Adding Intel oneAPI compilers and toolkits to the CI pipelines for such projects can help catch many issues at the source as they are introduced during the development cycle. Fortunately this is easier than you might think.
This gist demonstrates how to add the Intel oneAPI DPC++ compiler and oneMKL library to GitHub actions for a project using CMake.
First, the oneAPI DPC++ compiler and oneMKL must be installed on the runner. For Ubuntu, this can be done using apt in a manner similar to an installation on your local machine.
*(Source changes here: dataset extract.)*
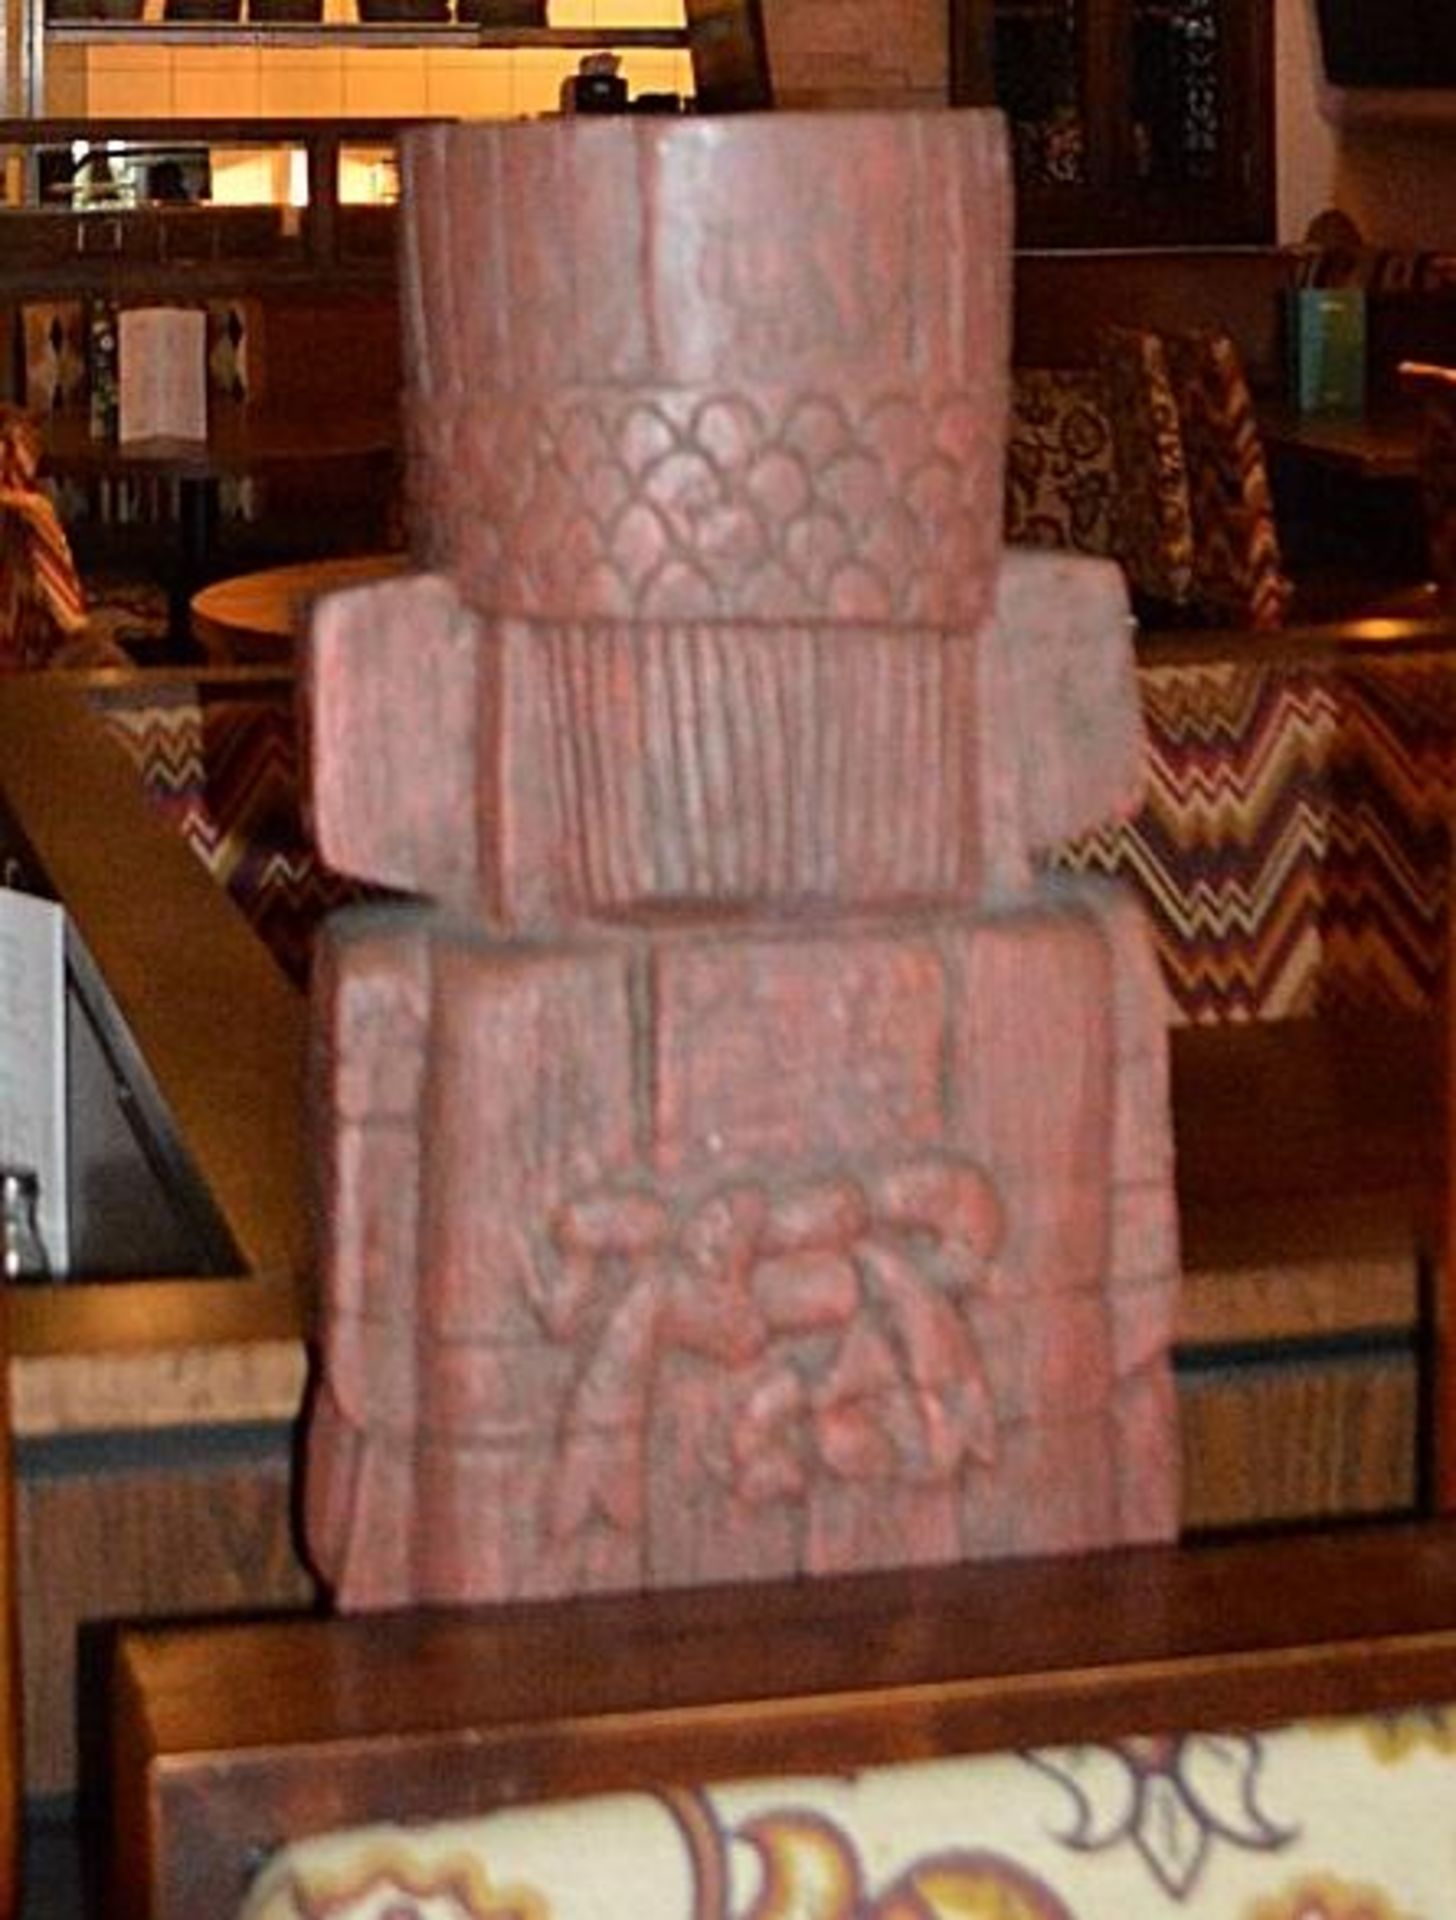 1 x Deceorative Aztec Idol Statue - Dimensions: H74 x W40 x D24cm - CL367 - Ref CQ-FB - Location: - Image 2 of 2

Notice that only the specific components needed are installed to avoid long build times.
name: CI
on:
push:
branches:
- main
jobs:
build:
runs-on: ubuntu-latest
steps:
- uses: actions/checkout@v2
- name: add oneAPI to apt
shell: bash
run: |
cd /tmp
wget https://apt.repos.intel.com/intel-gpg-keys/GPG-PUB-KEY-INTEL-SW-PRODUCTS.PUB
sudo apt-key add GPG-PUB-KEY-INTEL-SW-PRODUCTS.PUB
rm GPG-PUB-KEY-INTEL-SW-PRODUCTS.PUB
sudo add-apt-repository "deb https://apt.repos.intel.com/oneapi all main"
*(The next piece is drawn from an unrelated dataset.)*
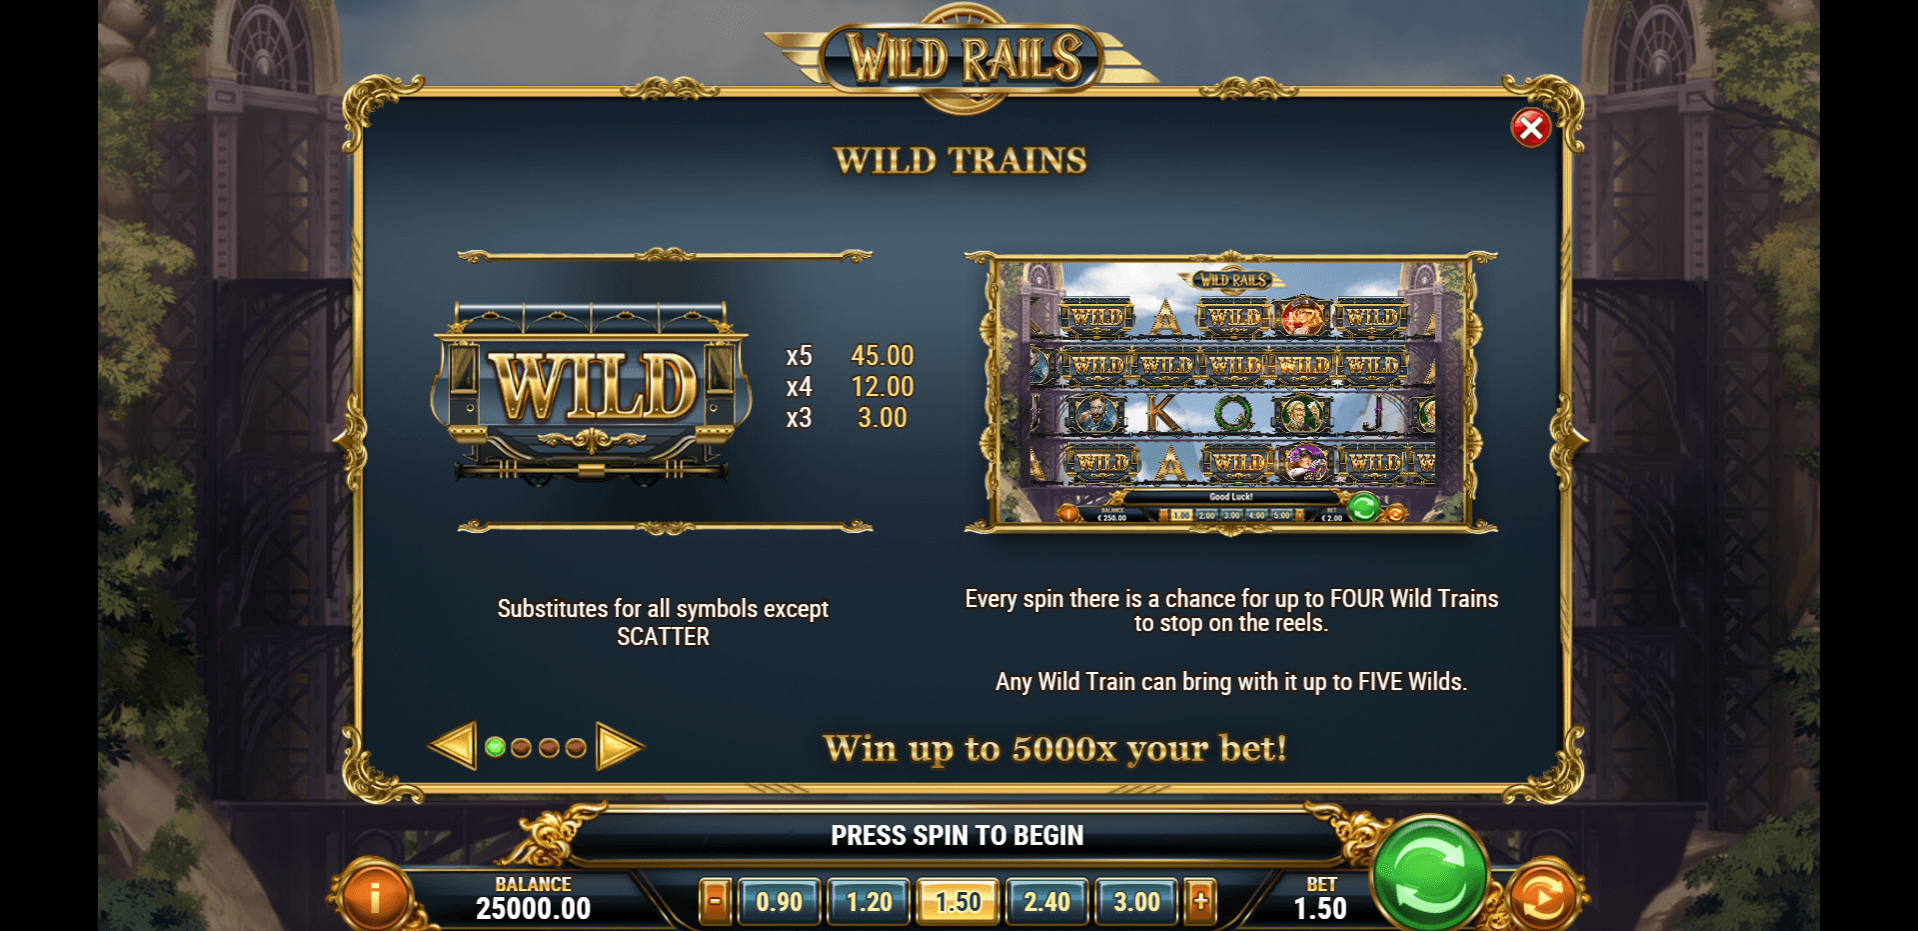 wild rails slot machine detail image 0

- name: install oneAPI dpcpp compiler
shell: bash
run: |
sudo apt update
sudo apt install intel-oneapi-compiler-dpcpp-cpp
- name: install oneAPI MKL library
shell: bash
run: |
sudo apt install intel-oneapi-mkl-devel
Second, it is important to sourcesetvars.sh
at the beginning of each step which uses the compilers or toolkits to ensure all necessary paths and environment variables are set.
- name: configure
shell: bash
run: |
source /opt/intel/oneapi/setvars.sh
cmake -S . -B build \
-DCMAKE_BUILD_TYPE="RelWithDebInfo" \
-DCMAKE_INSTALL_PREFIX=install \
-DCMAKE_CXX_COMPILER=dpcpp \
-DCMAKE_C_COMPILER=icx \
-DIntelDPCPP_DIR="/opt/intel/oneapi/compiler/latest/linux/cmake/SYCL" \
-DMKL_ROOT="/opt/intel/oneapi/mkl/latest" \
-DTBB_ROOT="/opt/intel/oneapi/tbb/latest"
- name: build
shell: bash
run: |
source /opt/intel/oneapi/setvars.sh
cmake --build build
- name: test
shell: bash
run: |
source /opt/intel/oneapi/setvars.sh
export SYCL_DEVICE_FILTER=opencl.cpu
ctest --test-dir build --output-on-failure
Finally, the CMakeLists.txt file at the top of the source tree contains the following:
enable_language(CXX)
set(CMAKE_CXX_STANDARD 17)
set(CMAKE_POSITION_INDEPENDENT_CODE ON)
list(APPEND CMAKE_MODULE_PATH "${IntelDPCPP_DIR}")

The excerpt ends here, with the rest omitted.